1. Field of the Invention
The present invention relates to a surface acoustic wave apparatus used for a surface acoustic wave filter or the like, and communications equipment comprising the same.
2. Description of Related Art
Conventionally, as frequency selecting filters used for RF stages in mobile communications equipment such as cellular phones and automobile telephones, surface acoustic wave filters have been widely used. Generally, as characteristics required of the frequency selecting filters, various characteristics such as wide pass bands, low losses, and high attenuations are listed.
In recent years, particularly in order to improve receiving sensitivity and reduce power consumption in the mobile communications equipment, requests to reduce the losses of the surface acoustic wave filters have increased. The reason for this is that in the mobile communications equipment, the transition of antennas for miniaturization from conventional whip antennas to built-in antennas using dielectric ceramics has occurred, which makes it difficult to sufficiently obtain the gains of the antennas, so that requests to further improve the insertion losses of the surface acoustic wave filters have increased.
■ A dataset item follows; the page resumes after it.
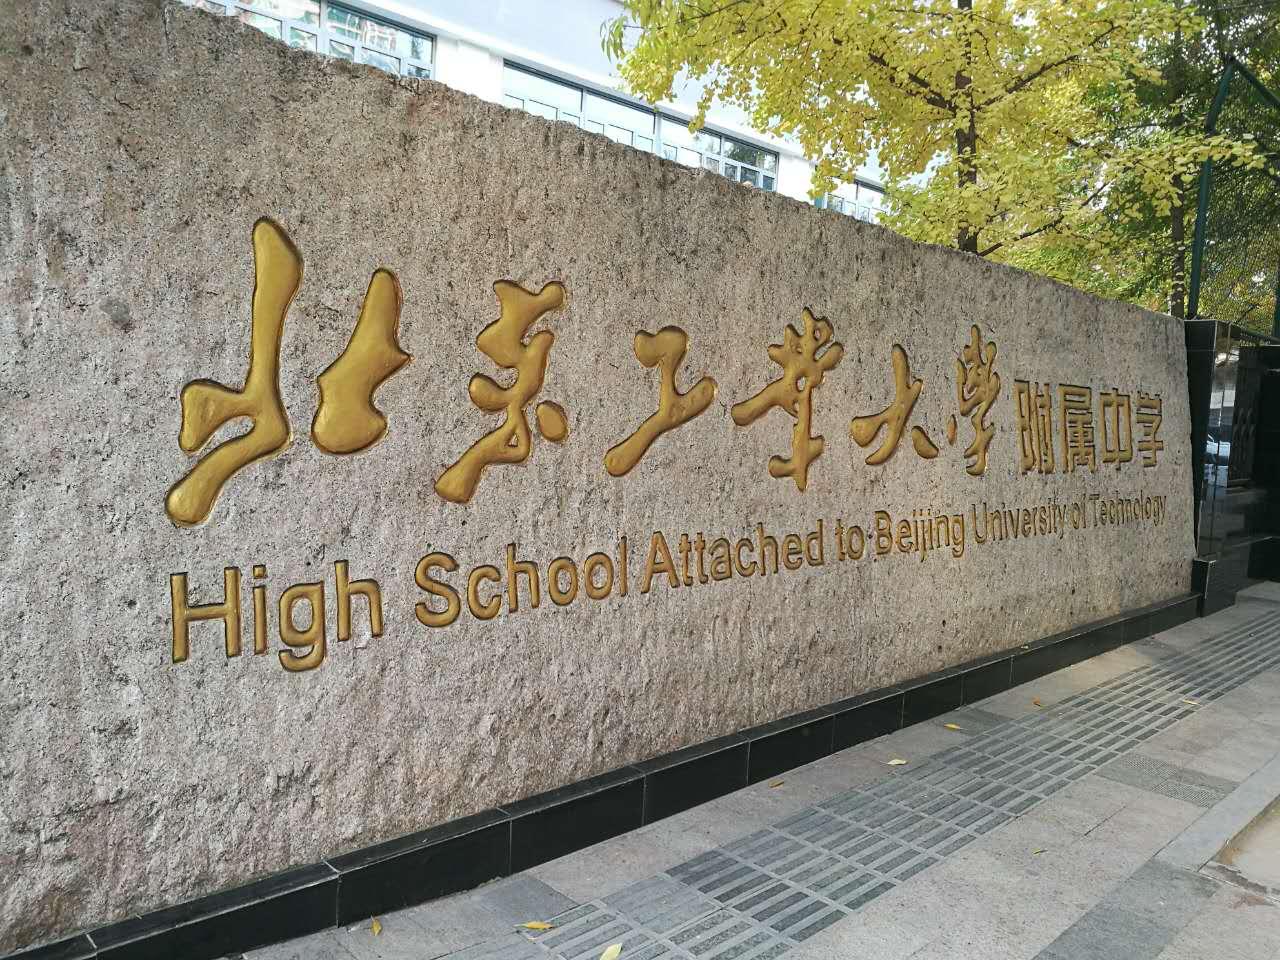 @朝阳教师,新时代教师职业行为准则,与你息息相关!

In recent years, surface acoustic wave filters that can be miniaturized and made nonadjustable have been employed for various types of communications equipment. With the progress of high frequencies and high functions of the communications equipment, requests to widen pass bands in the surface acoustic wave filters have been increasing. For example, filters for cellular phones in 1.9 GHz bands, high-performance wide-band filters having effective pass bandwidths of not less than 80 MHz and having fractional bandwidths (the fractional bandwidth is defined by (bandwidth/center frequency): fractional bandwidth=bandwidth/center frequency) of not less than approximately 4% have been desired.
In order to realize wide pass bands, double-mode surface acoustic wave resonator filters having three IDT (Inter Digital Transducer) electrodes provided on a piezoelectric substrate and utilizing a longitudinal primary mode and a longitudinal ternary mode, for example, have been proposed.
FIG. 12 is a plan view showing an electrode configuration of a conventional resonator-type surface acoustic wave filter. FIG. 13 is a graph showing the relationship between the position of each electrode in the resonator-type surface acoustic wave filter shown in FIG. 12 (a horizontal axis) and the pitch between electrode fingers (a vertical axis).
An IDT electrode 204 having a plurality of electrode fingers arranged on a piezoelectric substrate 202 comprises a pair of comb-shaped electrodes in a state where they are opposed to each other and meshed with each other. An electric field is applied to the pair of comb-shaped electrodes, to generate a surface acoustic wave. An electric signal is inputted from an input terminal 215 connected to one of the comb-shaped electrodes in the IDT electrode 204, so that the excited surface acoustic wave propagates to IDT electrodes 203 and 205 arranged on both sides of the IDT electrode 204. Further, an electric signal is outputted to output terminals 216 and 217 through IDT electrodes 206 and 209 from one of comb-shaped electrodes composing each of the IDT electrodes 203 and 205.
Reference numerals 210, 211, 212, and 213 in FIG. 12 respectively denote reflector electrodes. The surface acoustic wave is reflected by the reflector electrodes 210, 211, 212, and 213 positioned at both ends, and is changed into standing waves between the reflector electrodes at both the ends.
Resonator electrode patterns are thus two-stage cascade-connected, so that an out-of-band attenuation serving as filter characteristics is increased by mutual interference between the respective standing waves in the first and second stages, and can be improved. That is, surface acoustic wave filters having the same characteristics are two-stage cascade-connected so that a signal attenuated in the first stage is further attenuated in the second stage, so that the out-of-band attenuation can be improved to approximately two times.
Conventionally, as a method that has been used for reducing the insertion loss of the surface acoustic wave filter and widening the pass band therein, the distance between adjacent IDT electrodes is shortened, or a narrow pitch section is provided at an end of the IDT electrode. However, a resonance mode generated in the pass band cannot be so adjusted as to be most suitably arranged merely by providing a section having a narrow electrode finger pitch at the end of the IDT electrode. Therefore, an insertion loss and flatness of the surface acoustic wave filter cannot be further sufficiently improved with a pass bandwidth kept large as important filter characteristics in the pass band.
Therefore, an object of the present invention is to provide a surface acoustic wave resonator and a surface acoustic wave apparatus having superior filter characteristics such as an insertion loss not increased and a large pass bandwidth and also functioning as a high-quality balance-type surface acoustic wave filter, and communications equipment using the same.